# DATA

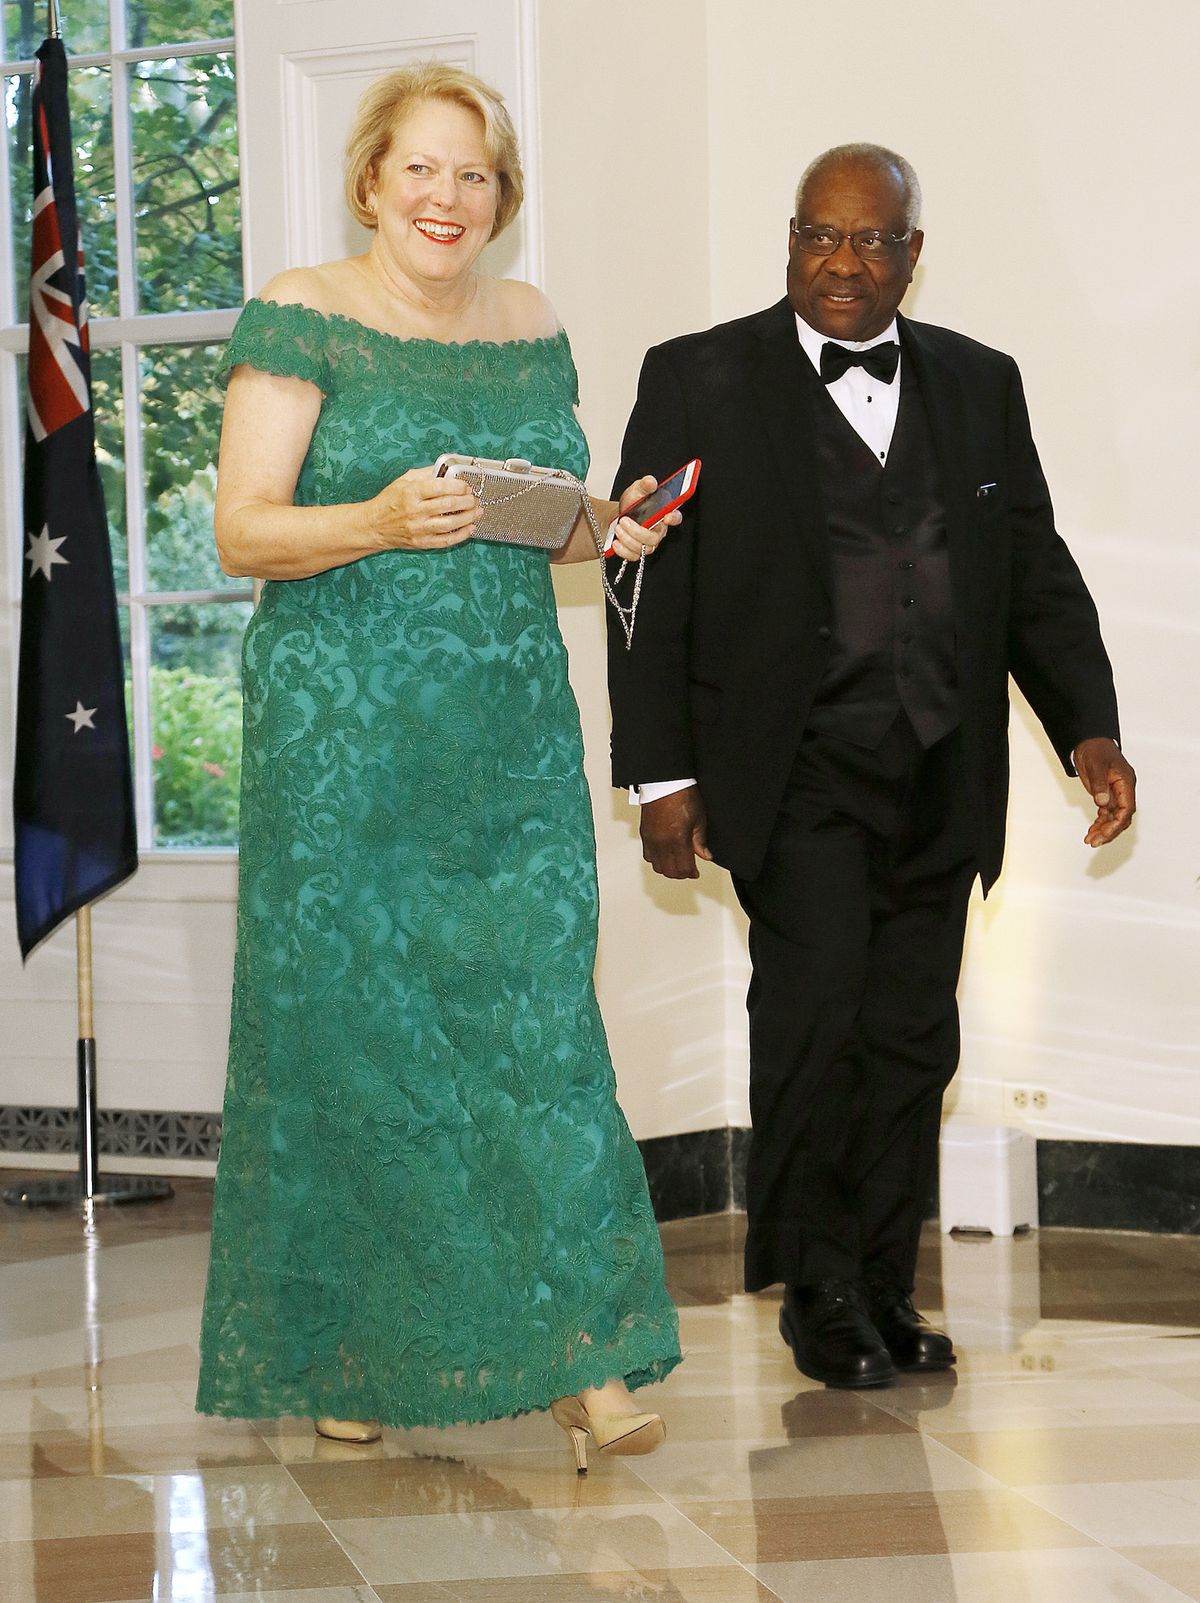 Guests Arrive For State Dinner At The White House Honoring Australian PM Morrison
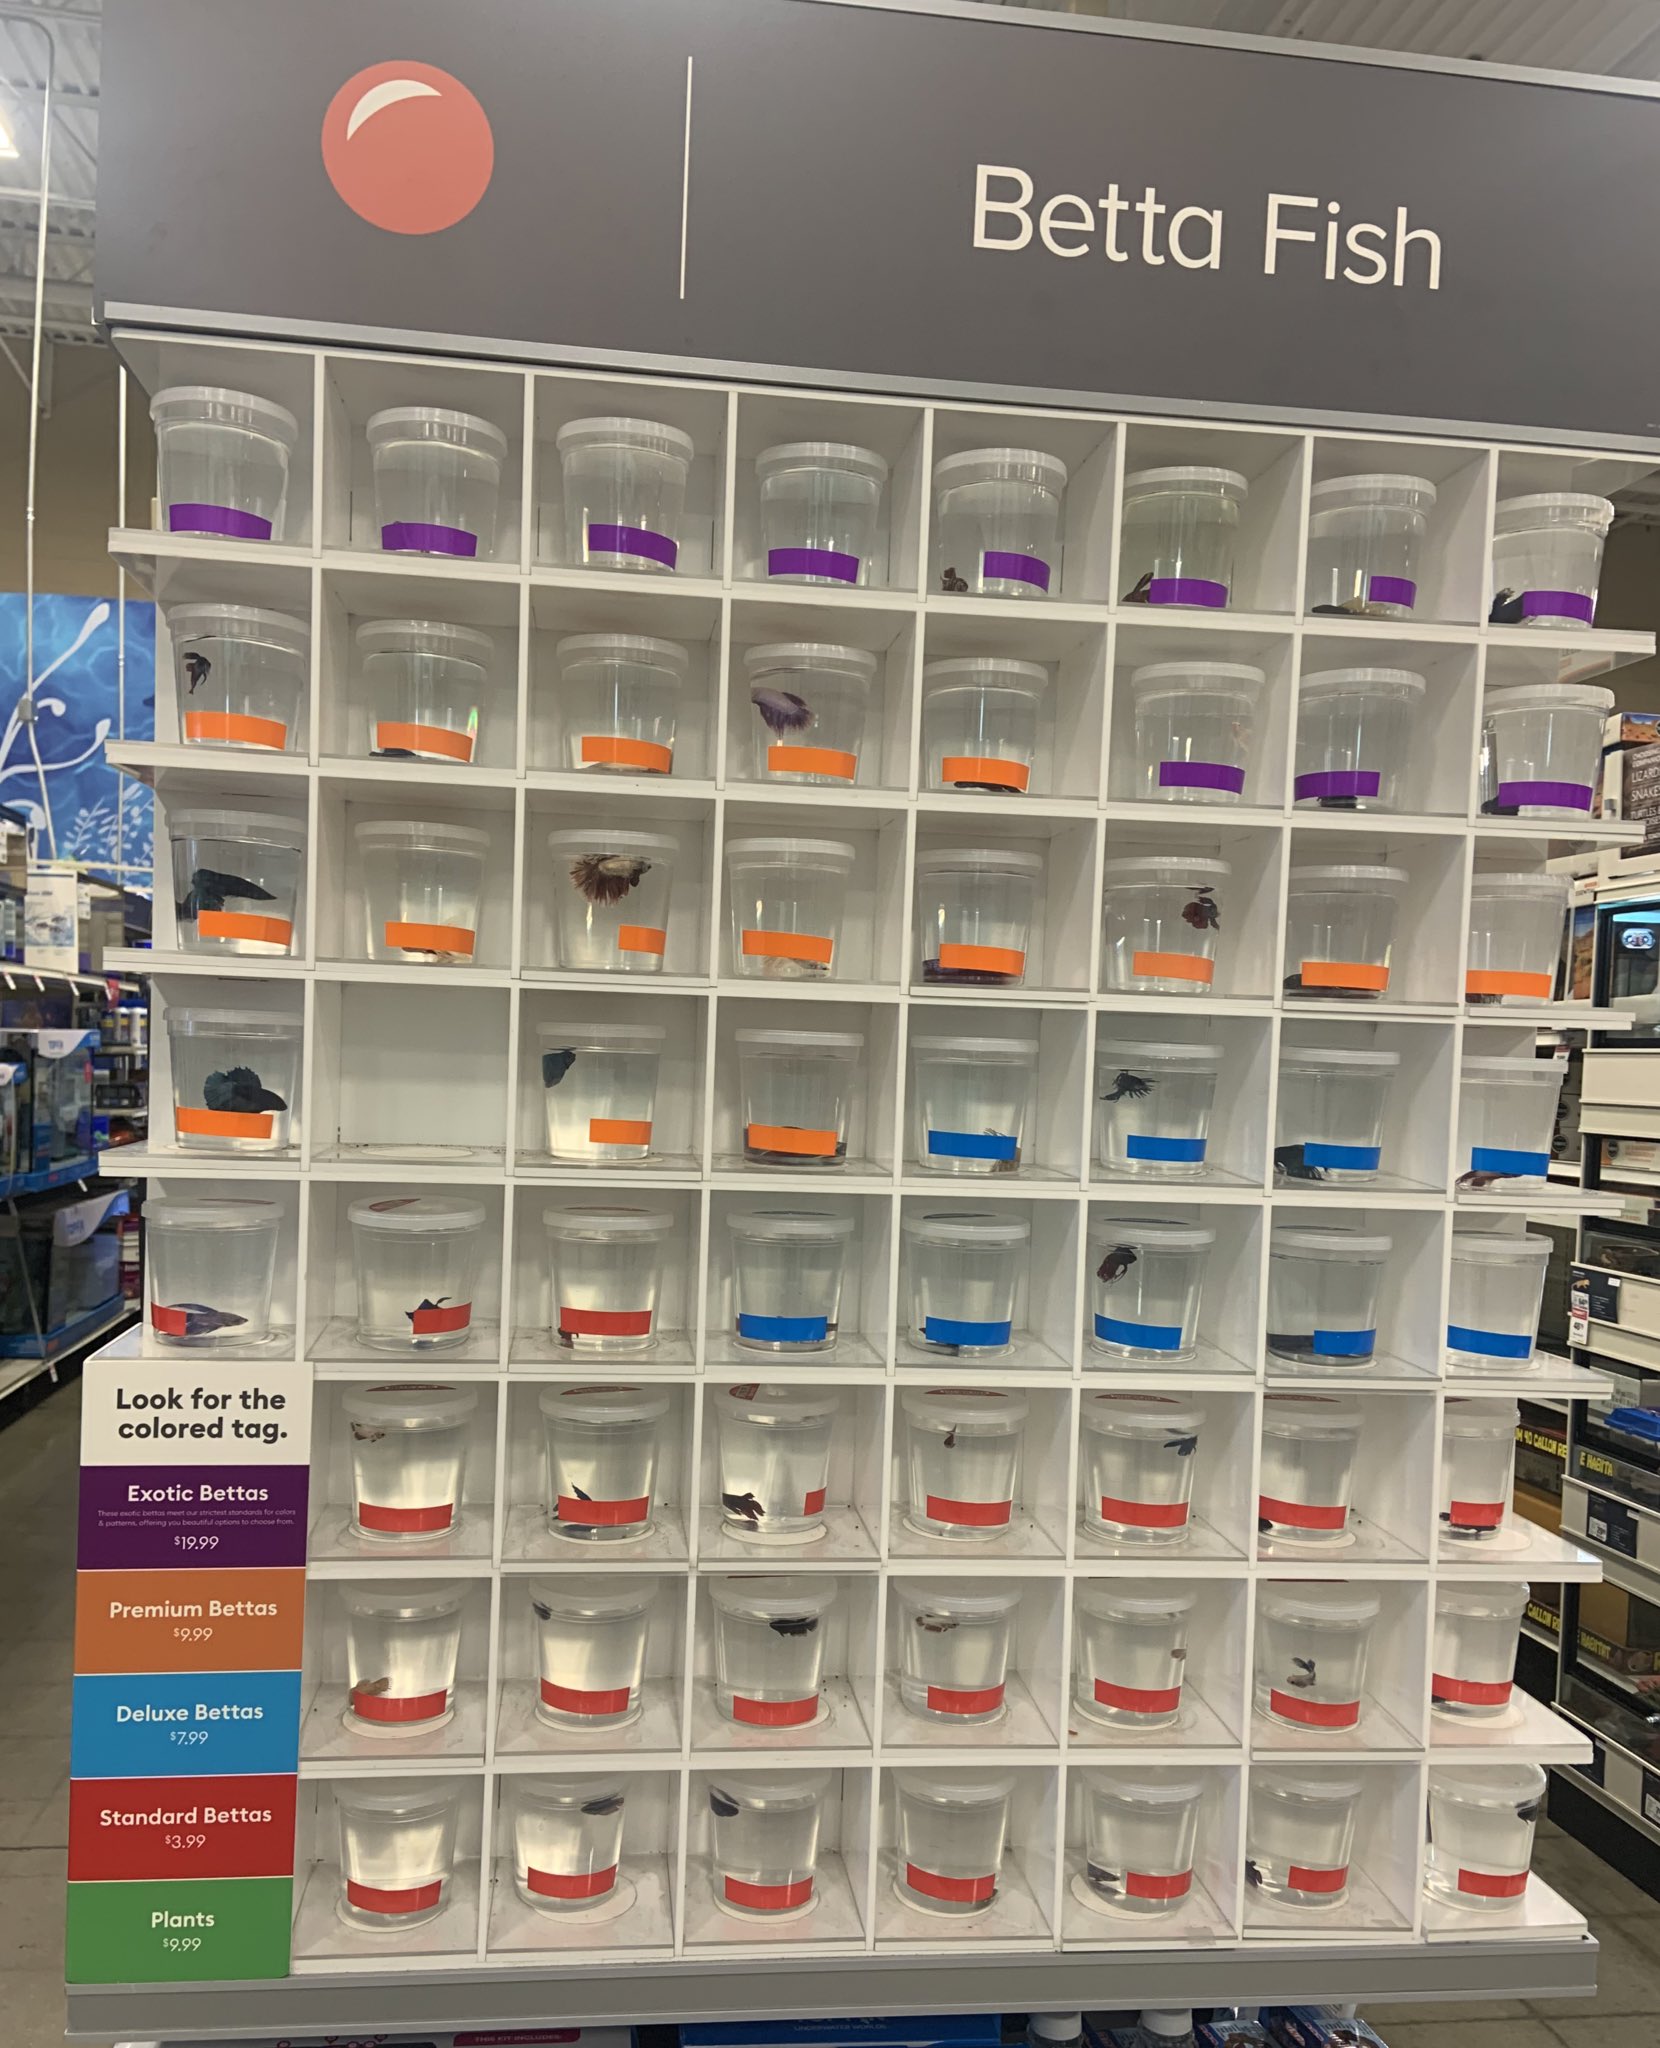 Anna Krivolapova on X: They modernized the betta fish section and made it  even more Huxleian, white honeycomb dividers and a caste system,  exotic-premium-deluxe-standard  / X
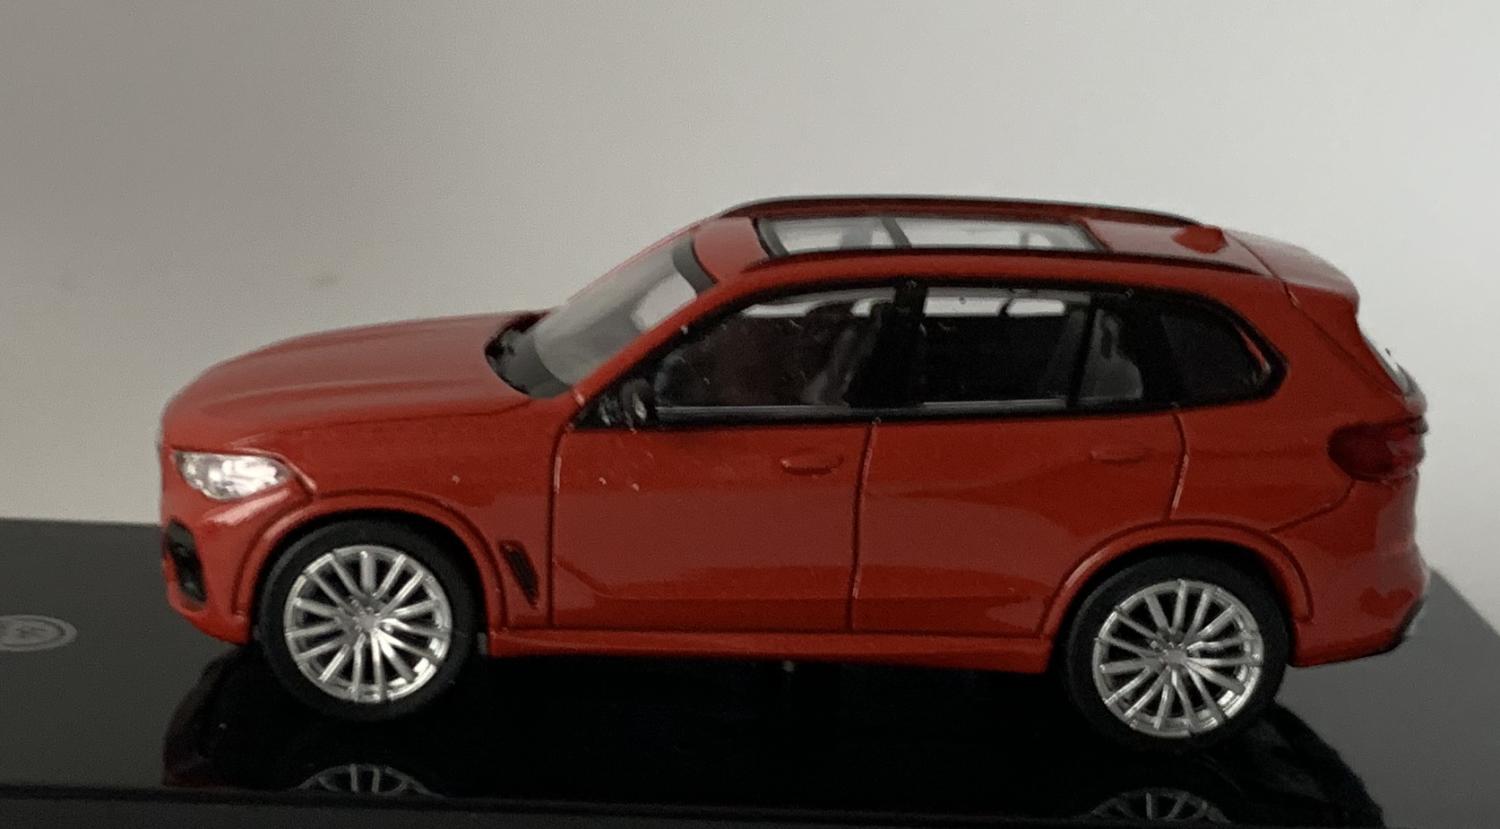 BMW X5 in toronto red 1:64 scale model from Paragon Models
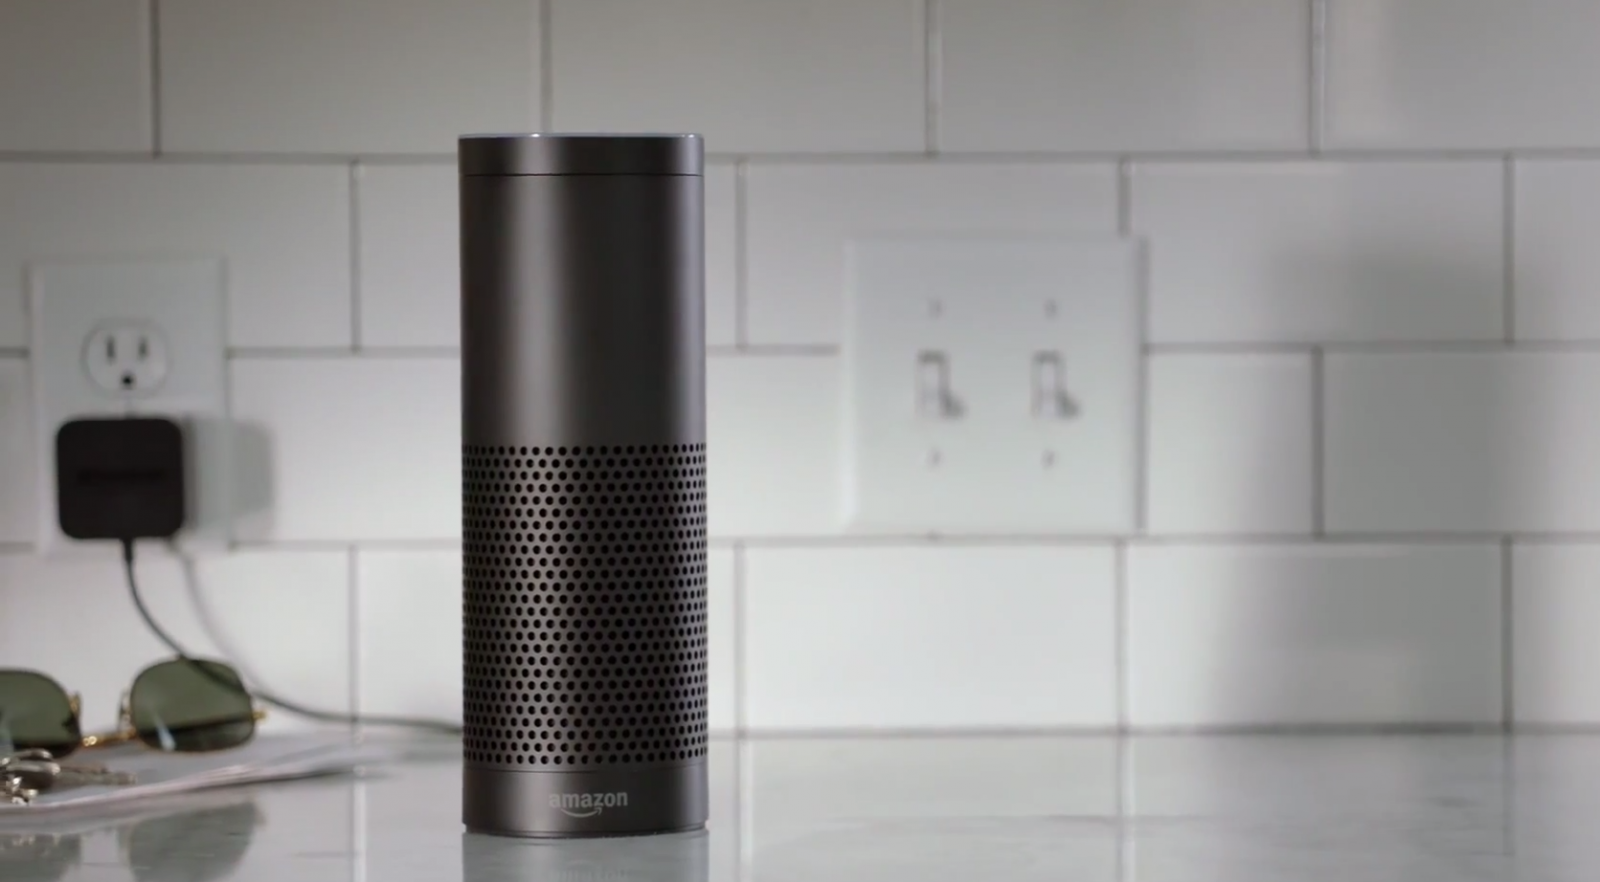 amazon-echo-keeps-you-up-on-the-times-while-spitting-mad-rhymes-image-cultofandroidcomwp-contentuploads201411Screen-Shot-2014-11-06-at-173652-png

# WORK TO COMPLETE
Copy out every line above, word for word, minus images.

# TASK OUTPUT
 Guests Arrive For State Dinner At The White House Honoring Australian PM Morrison
 Anna Krivolapova on X: They modernized the betta fish section and made it  even more Huxleian, white honeycomb dividers and a caste system,  exotic-premium-deluxe-standard  / X
 BMW X5 in toronto red 1:64 scale model from Paragon Models
 amazon-echo-keeps-you-up-on-the-times-while-spitting-mad-rhymes-image-cultofandroidcomwp-contentuploads201411Screen-Shot-2014-11-06-at-173652-png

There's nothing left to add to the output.